VOLTA & RADKE,
Les heures lumineuses s'étaient finalement éteintes, laissant ainsi un voile nocturne recouvrir le ciel. Ma conscience n'avait rien vu et mon esprit s'est égaré au travers des lignes d'un vieux bouquin dont la couverture était recouverte de poussière. Dans la villa, aucun bruit n'était venu troubler mon silence et je ne l'aurais certainement pas toléré. Il m'arrivait de vivre des jours sans émettre le moindre son, où je me blottissais dans un mutisme à faire pâlir n'importe quel être humain digne de ce nom. Je suppose que ce jour en faisait partie. Les lumières tamisées qui enveloppaient l'immense pièce dans laquelle je me trouvais renforçaient ce sentiment de bien-être que l'isolation était capable de m'offrir ; la ville avait beau vibrer de tout son être au dehors, moi je restais sourde à l'effervescence inutile de la population.
Mon penchant pour l'ancienne littérature française l'emportait sur les murmures dérangeants des autres.
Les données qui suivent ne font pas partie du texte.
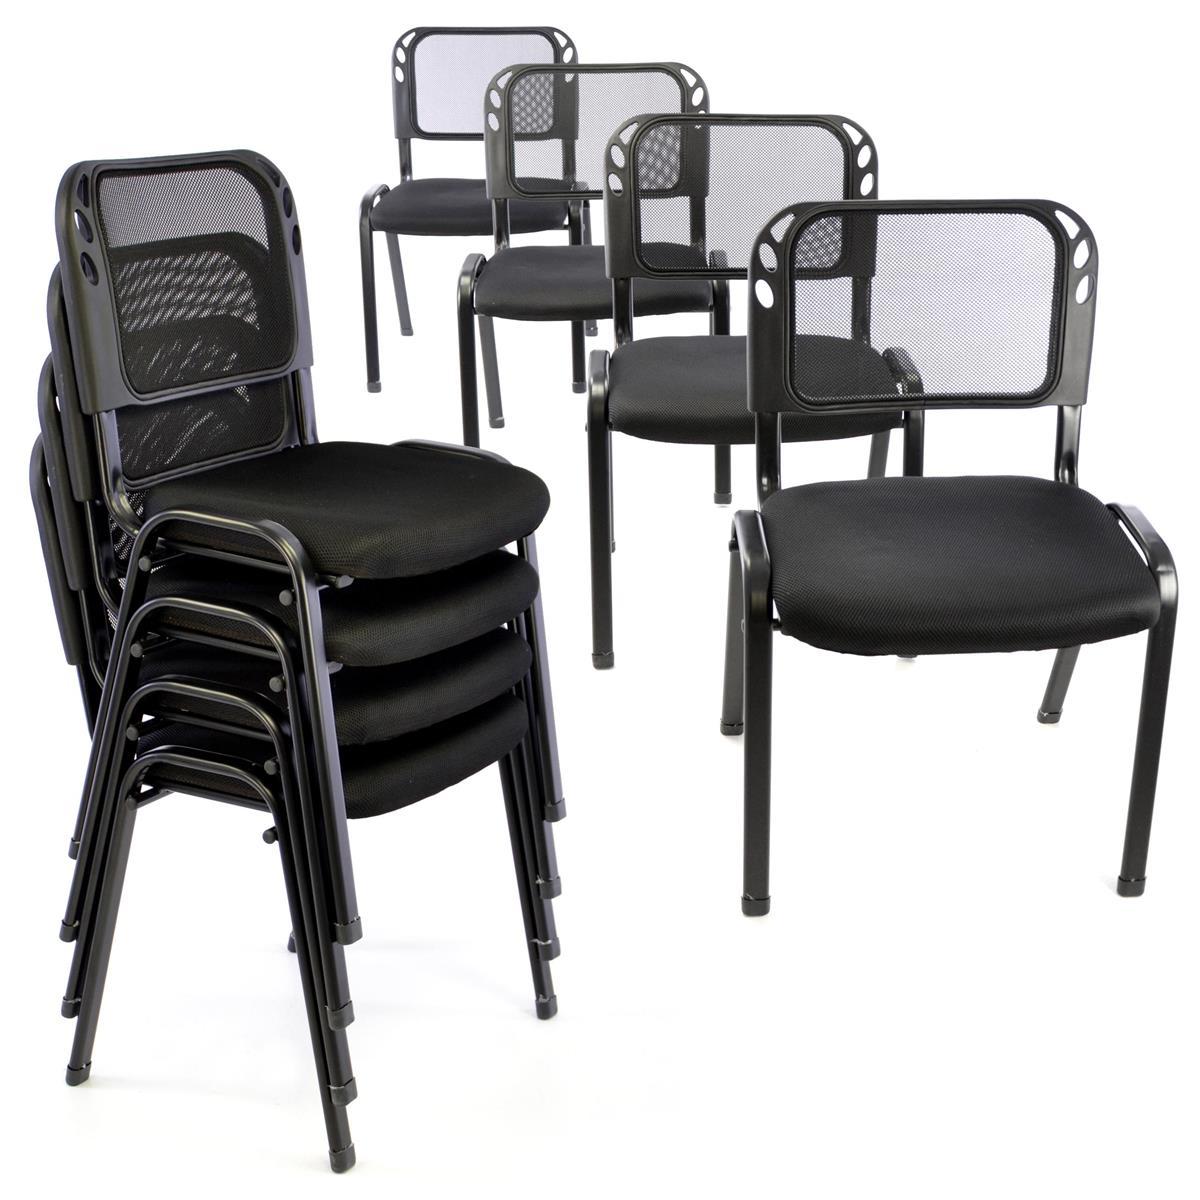 Besucherstuhl 8er Set Konferenzstuhl Sitzfläche Schwarz gepolstert stapelbar

Calée dans un coin de mon canapé en velours sanguin, les mots me faisaient prisonnières et m'emmenaient à des kilomètres de l'endroit où je me trouvais. Los Angeles porte en elle l'ébullition incandescente d'une jeunesse butée par la frénésie et la stupidité. Tout semblait perdre de son éclat et le soleil de plomb ne suffisait pas à éclaircir la fadeur dans laquelle L.A sombrait. La dernière ligne de mon livre me fit prendre conscience que la nuit apparente emportait avec elle mon malaise biscornu. Elle me donnait la sensation de revivre et ouvrait les portes d'un monde qui m'appartenait. La nuit rendait tout plus beau. Même l'odeur du sang dans mes narines devenait mielleuse lorsque l'obscurité reprenait ses droits.
Pourtant ce soir, je n'étais pas d'humeur assassine. Aucune épine ne s'enfonçait dans mon être et ne devait être arrachée. La violence sucrée ne me donnait pas envie car elle était sans doute trop connue, trop utilisée. Je m'en retrouvais soudainement lassée. Tout en marchant dans ma demeure, sans réellement savoir vers quel endroit je me dirigeais, je tentais de localiser mes besoins, de décrypter le langage secret de mes organes. Mes mains froides recherchaient l'une dans l'autre la chaleur et mon ventre se réchauffait d'envies presque innocentes, aux douceurs infinies et à la tendresse excessive. Je devinais la passion derrière ma poitrine frissonnante et mon désir d'apaisement semblait brûlant.
Je me sentais emportée par une affection irréelle. Elle courait dans mes veines comme une liqueur à l'odeur fruitée et envoûtante. Alors que je marchais toujours, j'arrivais face aux appartements de Radke. Il était tard mais cela ne m'empêcha pas d'entrer sans l'avertir de ma présence. Mes pieds nus sur le marbre me rendait aussi silencieuse qu'un félin impossible à dompter. Lorsque j'arrivais finalement à sa chambre, sa silhouette exquise se dessinait dans mon champ de vision et un sourire venait s'ancrer sur mon visage. Elle est si jolie mon innocente poupée. Je décidais de la contempler entièrement dans un silence, qui pour moi, voulait dire énormément de choses.